Apart from using LINQ to Entities and Entity SQL, there is one more way we can query the EDM by using EntityClient. The EntityClient provider can be used by the Entity Framework to access data. This provider uses.NET Framework data provider to access data sources, such as SQL Server. Like, the SqlClient provider for SQL Server is used by the EntityClient provider to access the SQL Server database.
 
The key to using this provider is found in the System.Data.EntityClient namespace.
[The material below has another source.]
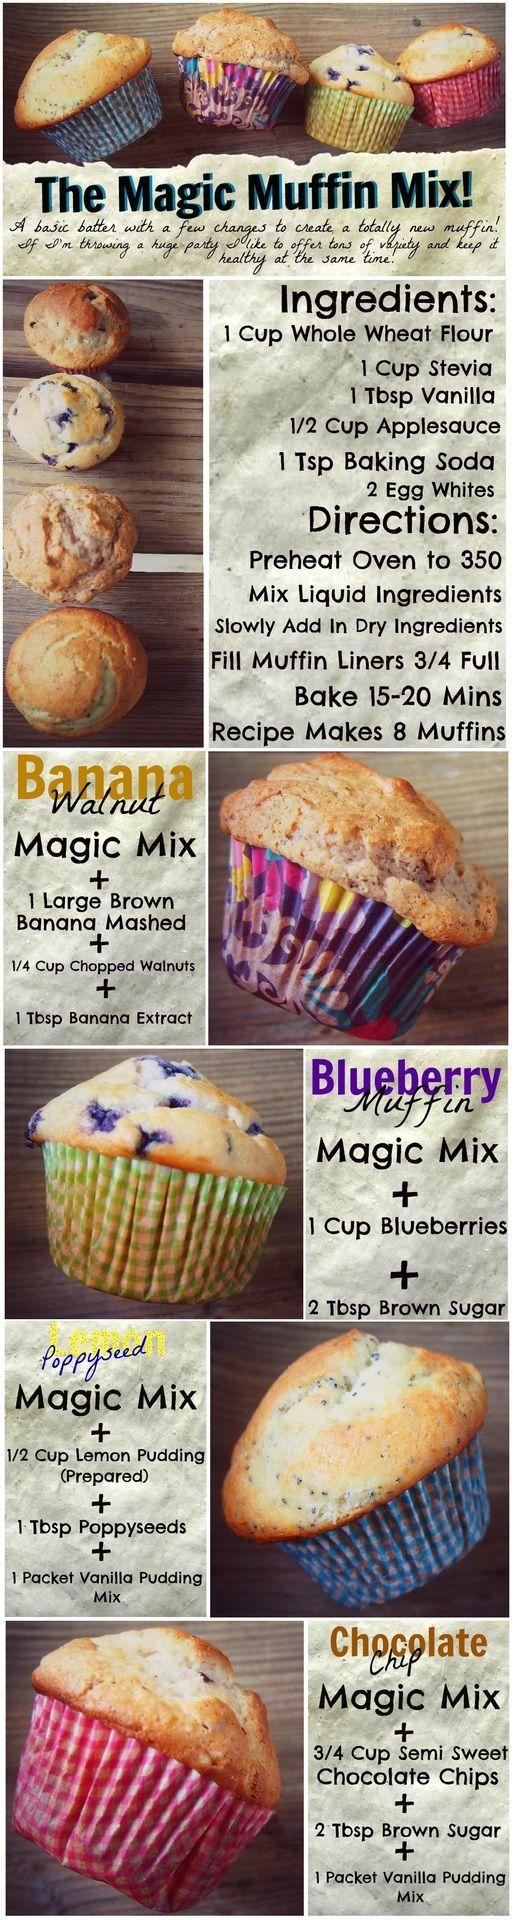 DIY Muffin Recipe baking recipe recipes ingredients instructions desert recipes easy recipes appetizers snacks easy recipe recipe ideas breakfast recipe

Although this provider operation that are performed on conceptual model, entities are translated into operations performed on physical sources, and returned results are translated from physical data sources into conceptual Entities back again. 
 
The EntityClient uses Entity SQL language to execute commands against an entity model. As such, the Entity Framework facilitates the communication and translation of Entity SQL into storage specific queries.
 
Since the Entity SQL language doesn't have specific language to query database, Entity SQL works great for the EntityClient provider. Using the EntityClient is extremely similar to using other .NET data access technologies such as the SqlClient.
 
It has got classes similar to SqlClient; EntityConnection, EntityCommand, EntityReader etc. We will see all of these classes in action.
 
Note: Please download the database scripts as well to run the sample code.
 
Create POCO Class (Data Project)
 
A. Create solution called CodeOnlyDesign.sln. I am using VSTS 2010 Ultimate trail version. Add a new class library project to the solution and name it as CodeOnlyData. As of now our primary focus is on creating POCO class.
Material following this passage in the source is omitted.